Your task: Transcription task. Write out each entry verbatim and exclude any image.
The data START
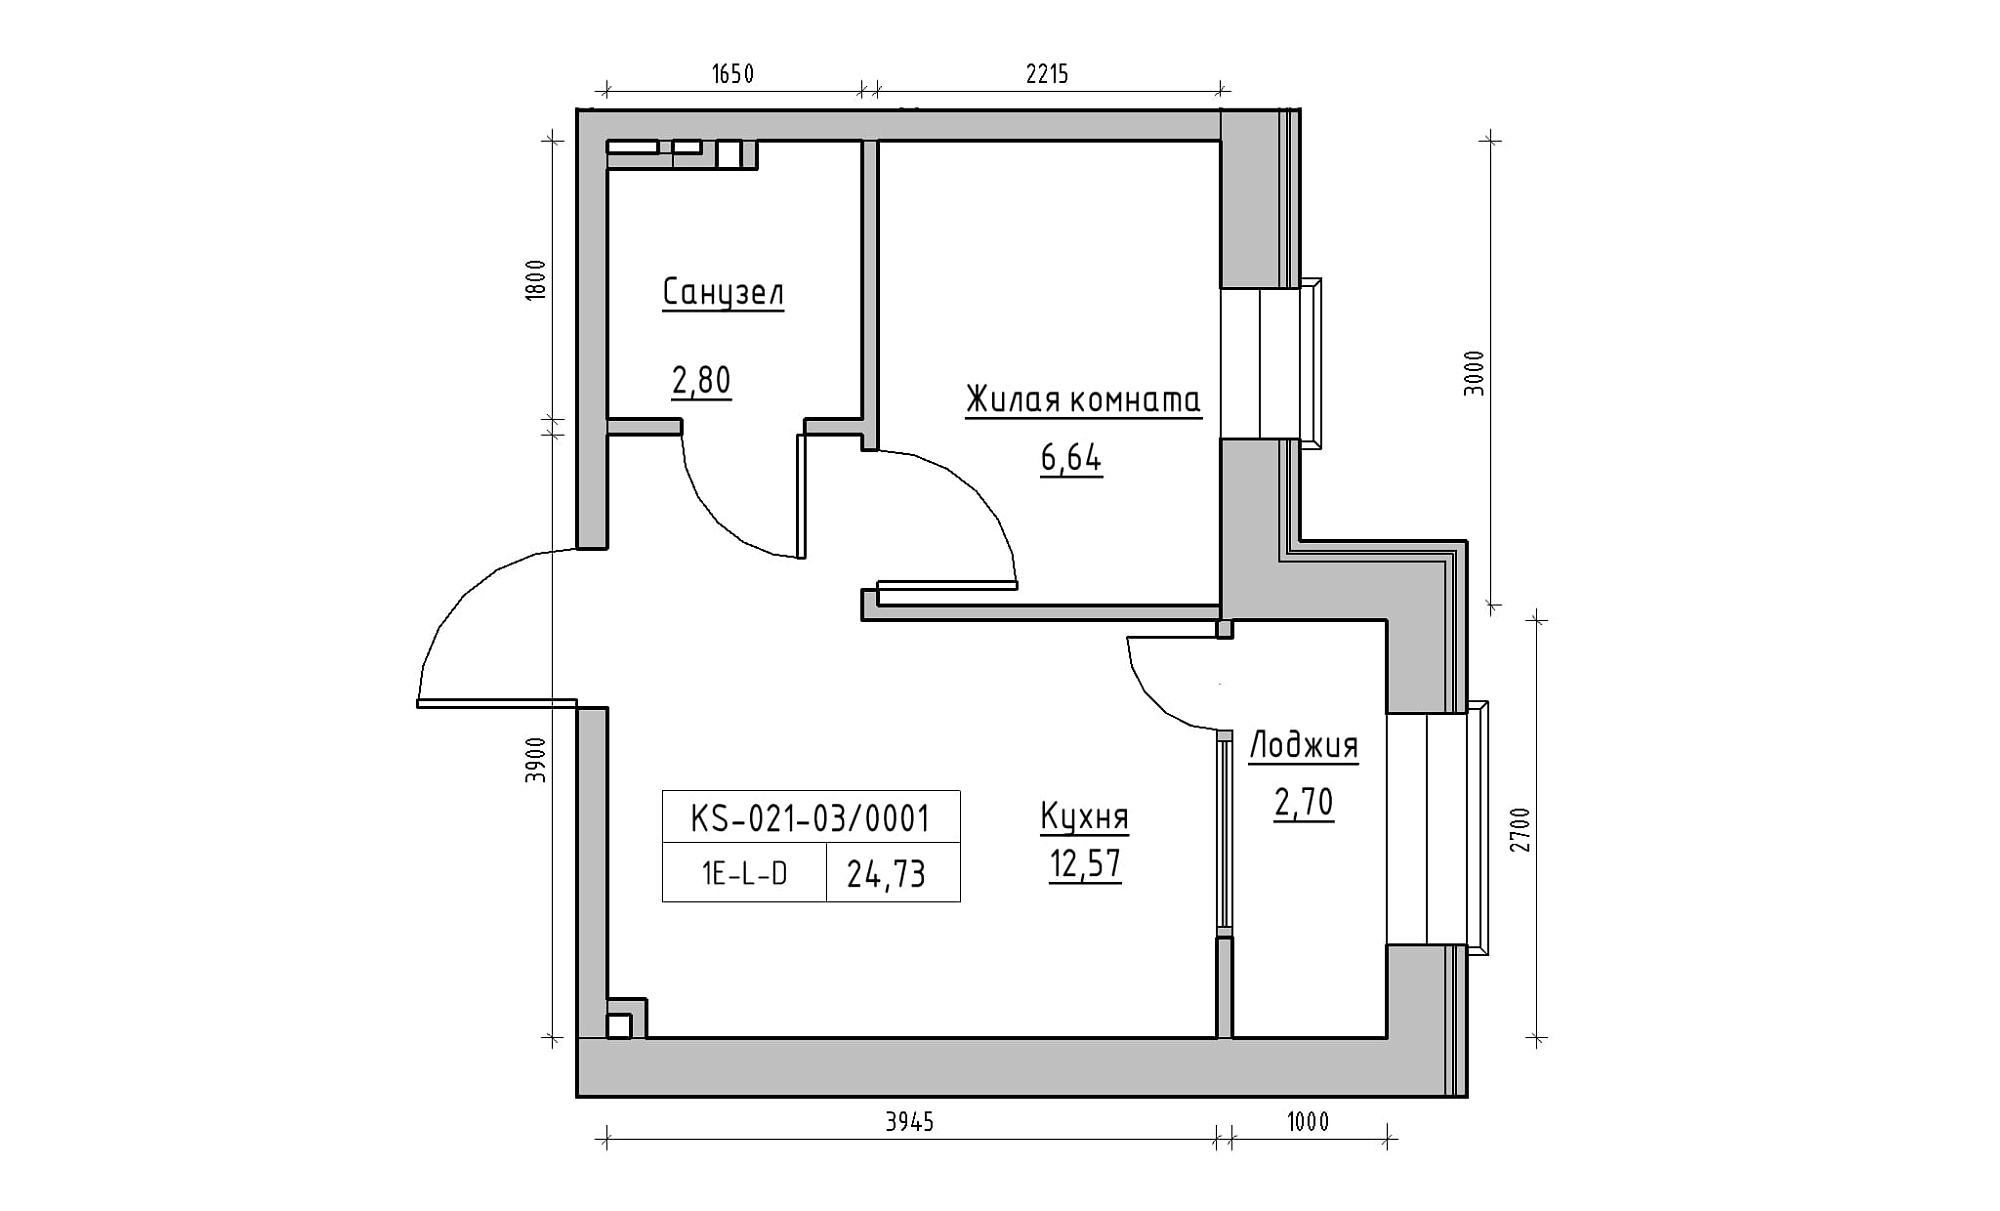 Planning 1-rm flats area 24.73m2, KS-021-03/0001.
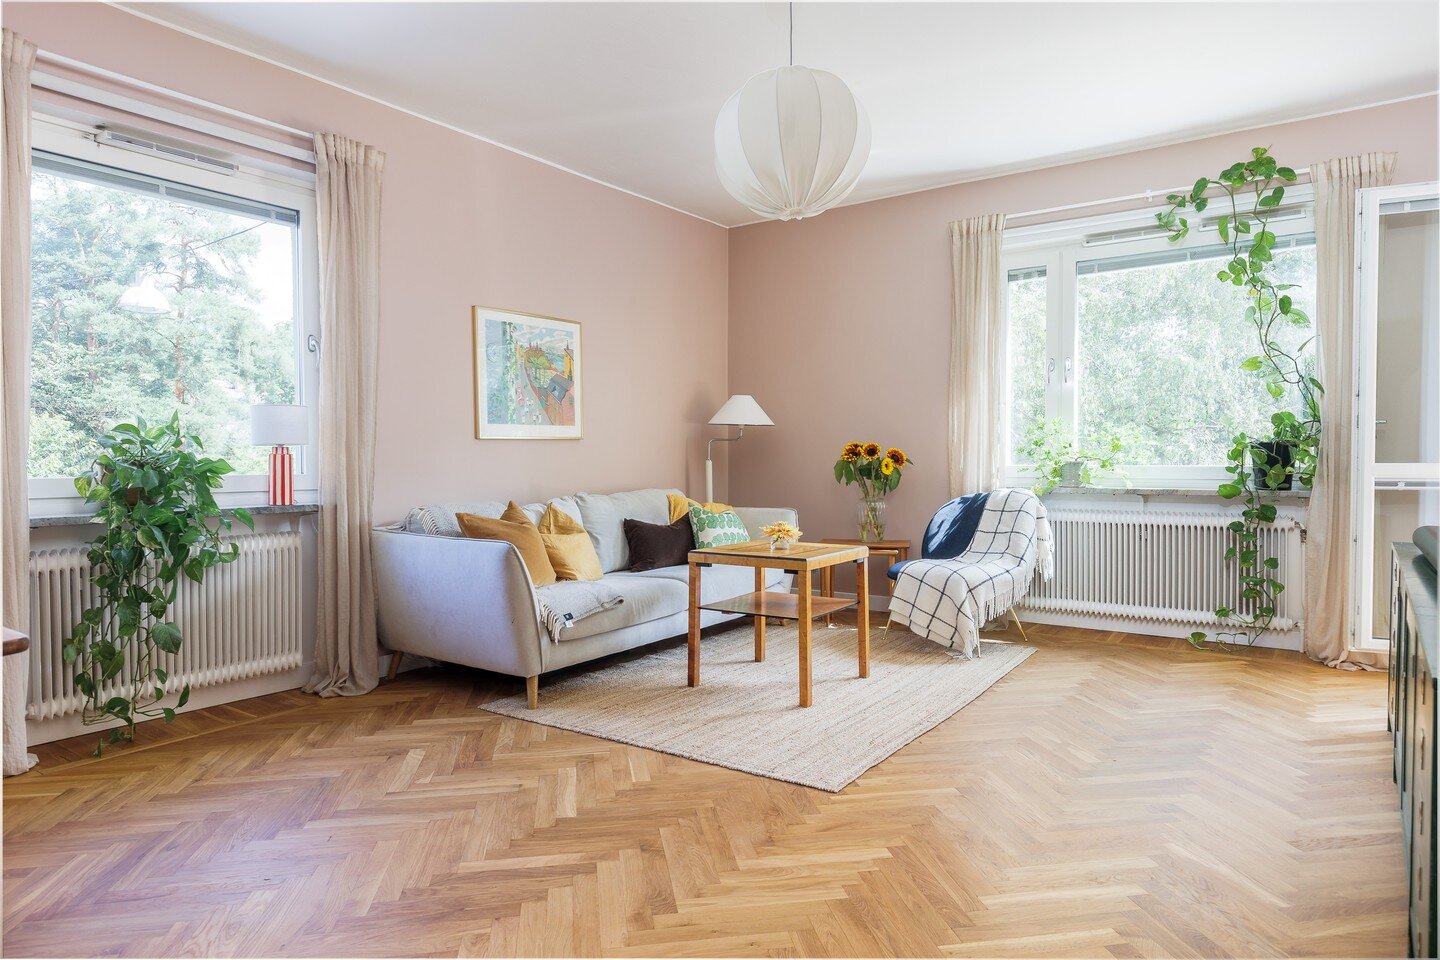 Nice apartment with a fantastic parquet floor. I really liked the kitchen too.

&Aring;rstav&auml;gen
👨&zwj;💼@maklarerichardwall

#interiordesign #interior #nordicchrome
#nordicliving
#interior4all
#interiordesign
#interiorphotographer
#scandinavia
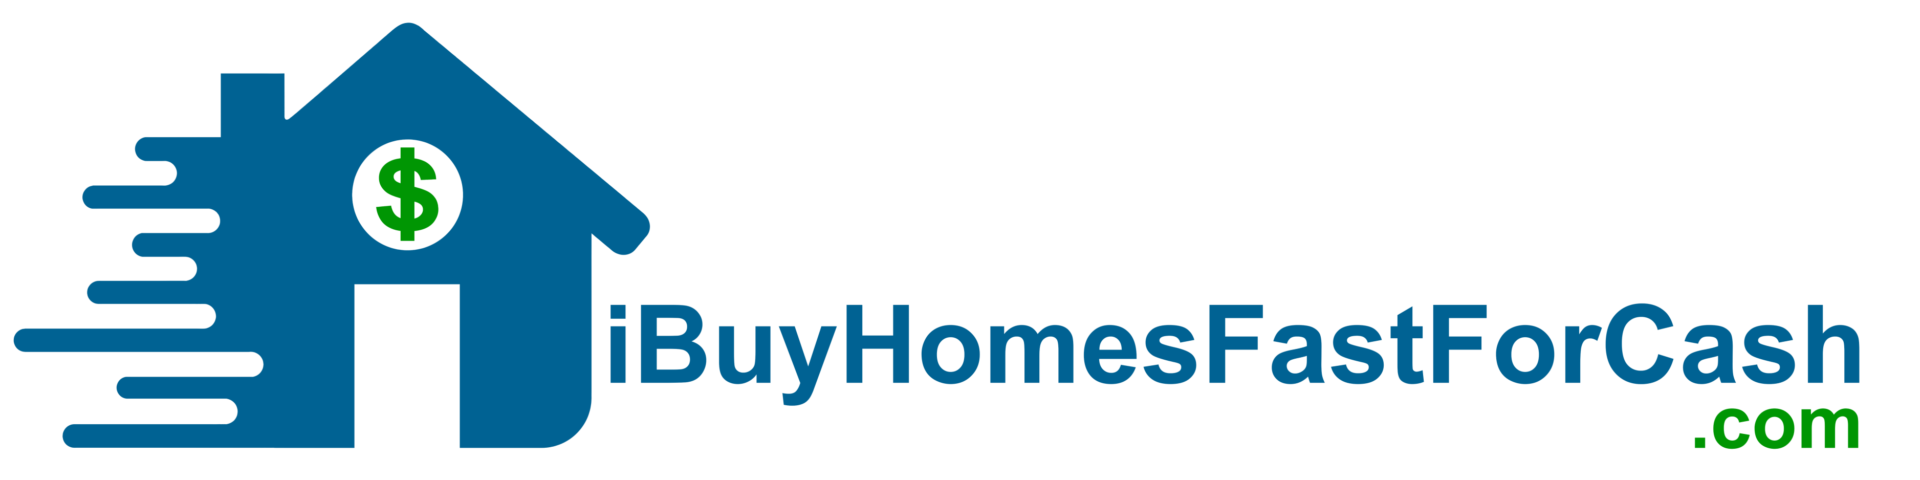 I Buy Homes Fast For Cash logo
The data END
Response area:
 Planning 1-rm flats area 24.73m2, KS-021-03/0001.
 Nice apartment with a fantastic parquet floor. I really liked the kitchen too.

&Aring;rstav&auml;gen
👨&zwj;💼@maklarerichardwall

#interiordesign #interior #nordicchrome
#nordicliving
#interior4all
#interiordesign
#interiorphotographer
#scandinavia
 I Buy Homes Fast For Cash logo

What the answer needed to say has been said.